Quando a voz te chega, do outro lado, e é um milagre, não consegues deixar de sacudir os histerismos feitos de silêncios pesados e grandes resoluções anunciadas (seja por ti, seja pelos outros da tua vida).

Quero fixar o momento em que a noite caía e eu sentada num banco de plástico a olhar um átrio que parecia uma sala de espera antes de embarcar num avião, e não o átrio do hospital.

Eu, aparentemente só, os pés a balouçar, e gente que se senta à minha beira apesar das regras sanitário-aborrecidíssimas. A mão dói-me, apercebo-me, de agarrar o telemóvel com força. O papel precioso com o numero da cama onde ela estará, a enfermaria e a extensão para onde já liguei duas ou três vezes, está todo amarrotado e voa-me da mão com brisas impossíveis. Lanço impropérios à minha falta de jeito.

De repente, encho-me de uma paciência animada e feliz ao ensinar a uma senhora já mais velha como ler as mensagens que recebe do serviço alerta do São João. Espera a alta do marido. Desvelo-me em pormenores e em cuidados que rejeito à minha enferma, e tento redimir-me com alguém que não se lembrará mais de mim. Não há uma compensação, e isso é ainda mais vergonhoso, penso eu. Sei que não vou compor a situação, nem isto que te foi colocado no peito me fará ter mais paciência, mas sei o que sinto com solidez, independentemente de ser arisca e de soltar impropérios e um “não” imediato às tarefas irritantes que me pede. Não sei quando vou mudar esse traço constante nos meus dias, mas antevejo que um dia, tal como deixei de roer as unhas, deixarei de ter o sangue a ferver perante os pedidos e terei de me reconciliar com a ideia de que o amor estava no resto e que não posso procurar desculpa por essas falhas.

Sei agora que esta lufada de ar quente de bonomia era o frémito do pressentimento que o telefone tocaria, com som pela primeira vez em anos, não queria perder quaisquer novas que me quisessem dirigir.

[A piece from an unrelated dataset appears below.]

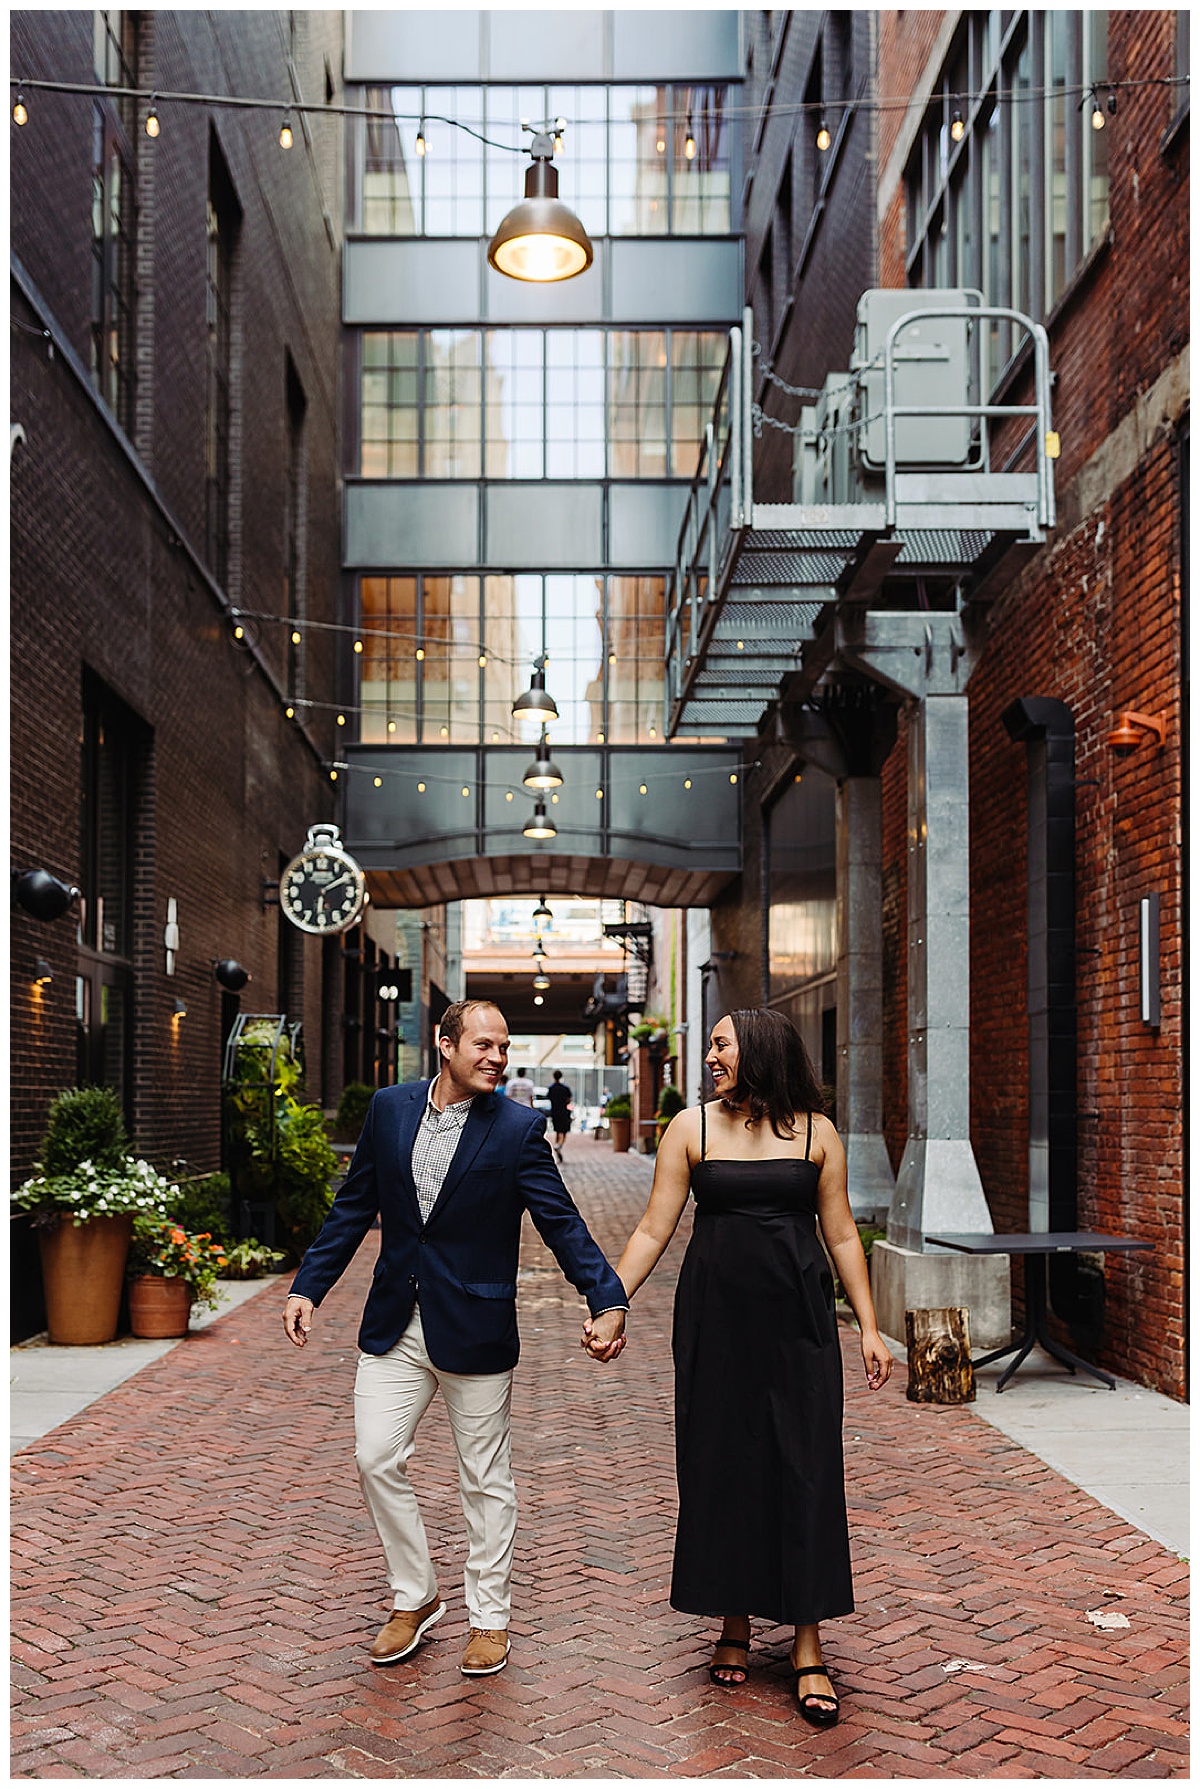 Engaged couple hold hands under lights during Woodward Ave. engagement session
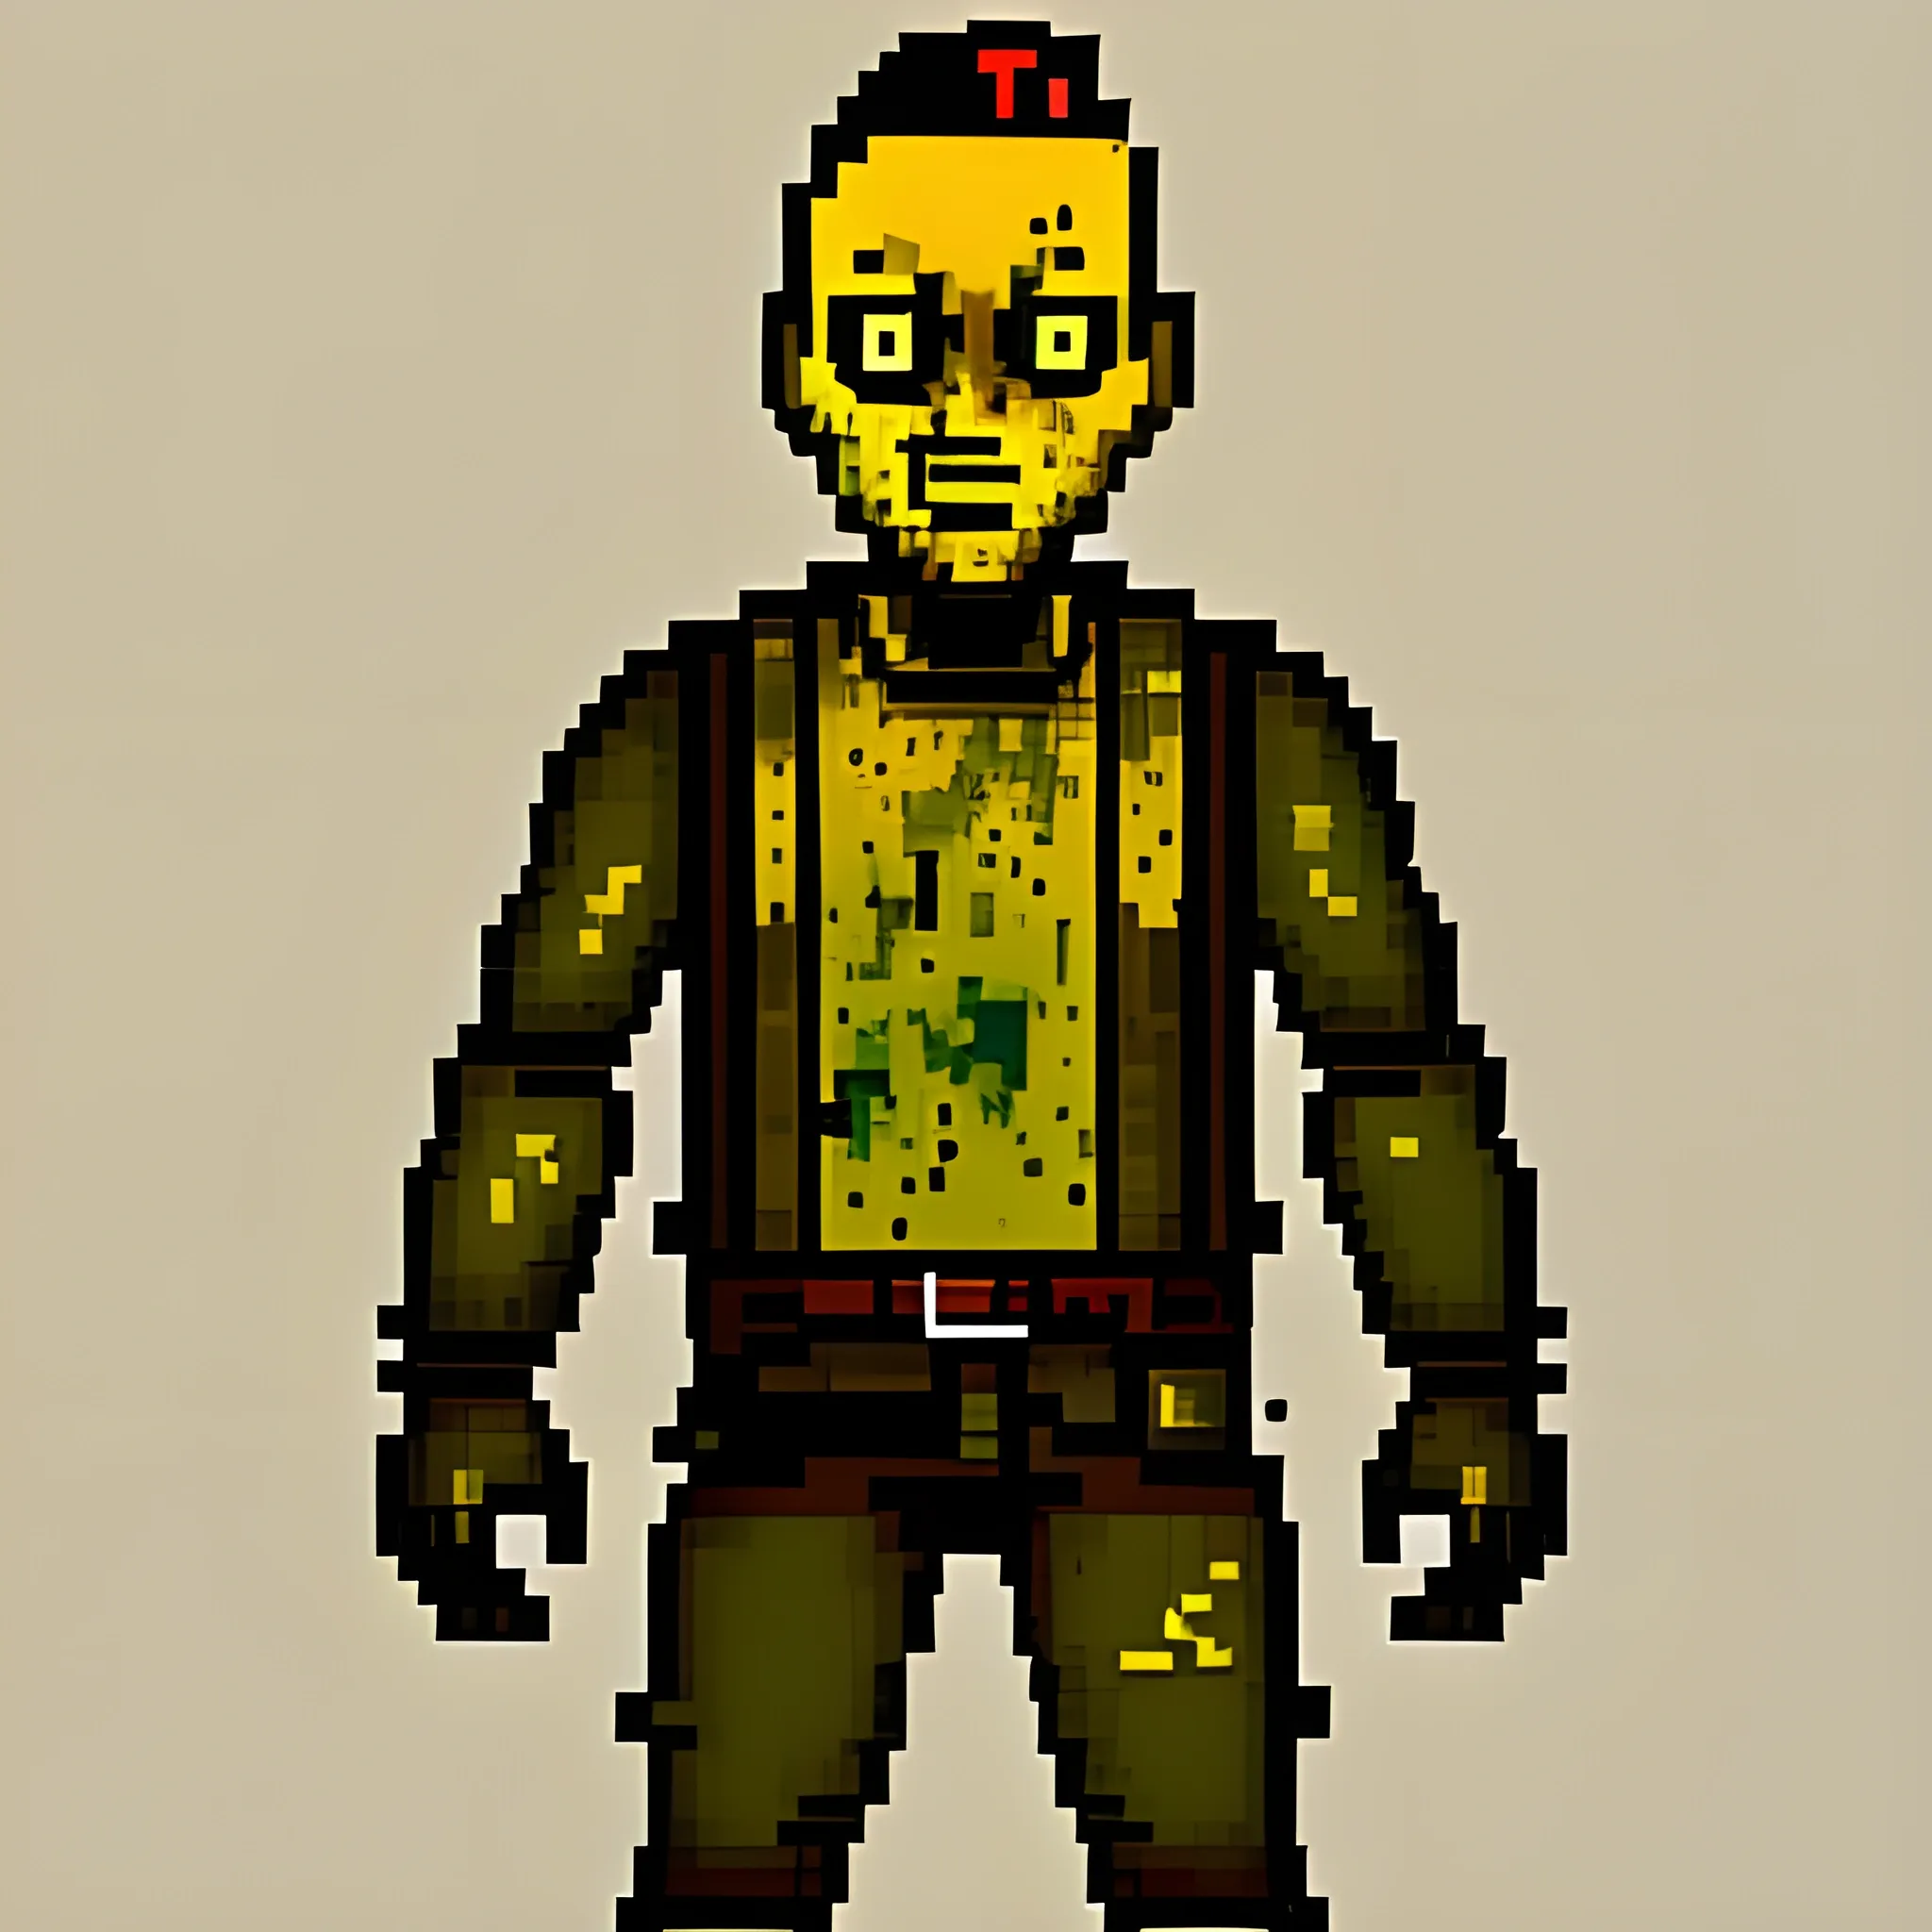 fallout 4 style, pixel art, full body feral zombie with yellow skin, no nose, and several glowing pustules

Vejo o nome no ecrã – Mãe novo – a fotografia dos anos 90, ela com cabeleira farta encaracolada, eu pequena, de tigela brilhante, unhas semi pintadas a observar o que me mostrava ao colo, assente na anca esquerda. A música saltitante do toque de telemóvel que já me sobressalta sem estar à espera de notícias de vida ou morte, que fará hoje.

“Estou, filha, já está”.

A voz. Podia não mais ter ouvido aquela voz rouca que ninguém confunde, nem as senhoras das lojas, das marcações, da lavandaria. Aquela voz podia ter ido e não voltado, como me disse o R. Não me lembro de qual poderia ter sido a última palavra que me tinha dirigido, depois de a largar na sala de embarque, em fila contra a parede, com outras pessoas indistintas que seguiram em fila indiana para as várias enfermarias.

Ainda falámos depois de a largar, benditos tijolos electrónicos, e mesmo sem poder afirmar com a certeza que exijo numa sala de tribunal, sei como poucas coisas na minha vida que lhe disse que a amava muito e que ela mo disse a mim, já na maca.

“Já está, estou bem”.

Uma voz que volta, solta no meu peito.

Quero recordar o dia de sol de domingo, quando teve alta. Quero recordar a minha corrida desajeitada desde o uber, à entrada do caminho de cimento, até à entrada do átrio das visitas. A meio, liga-me a dizer que já está cá em baixo, para o cigarro providencial e eu, atabalhoadamente, a dizer já cá estou, já cá estou, como se ela se fosse dissolver. Ainda não estava, mas queria estar, e era isso que lhe dizia e a confundiu porque não me via, não me sentia a voz sem fôlego. O sol nas costas, o sol pelas janelas largas, e nem a via no meio de tão pouca gente, como é possível, ainda por cima tinha decorado a cor do casaco – amarelo mostarda – caramba, orienta-te, ali está. Não paro de correr até amortecer a minha velocidade e a abraçar com cuidado, para não a magoar. Como poucas vezes fiz na vida.

A voz que voltou, o contorno dos braços fortes e o cabelo loiro, numa mancha de amarelo mostarda ao sol.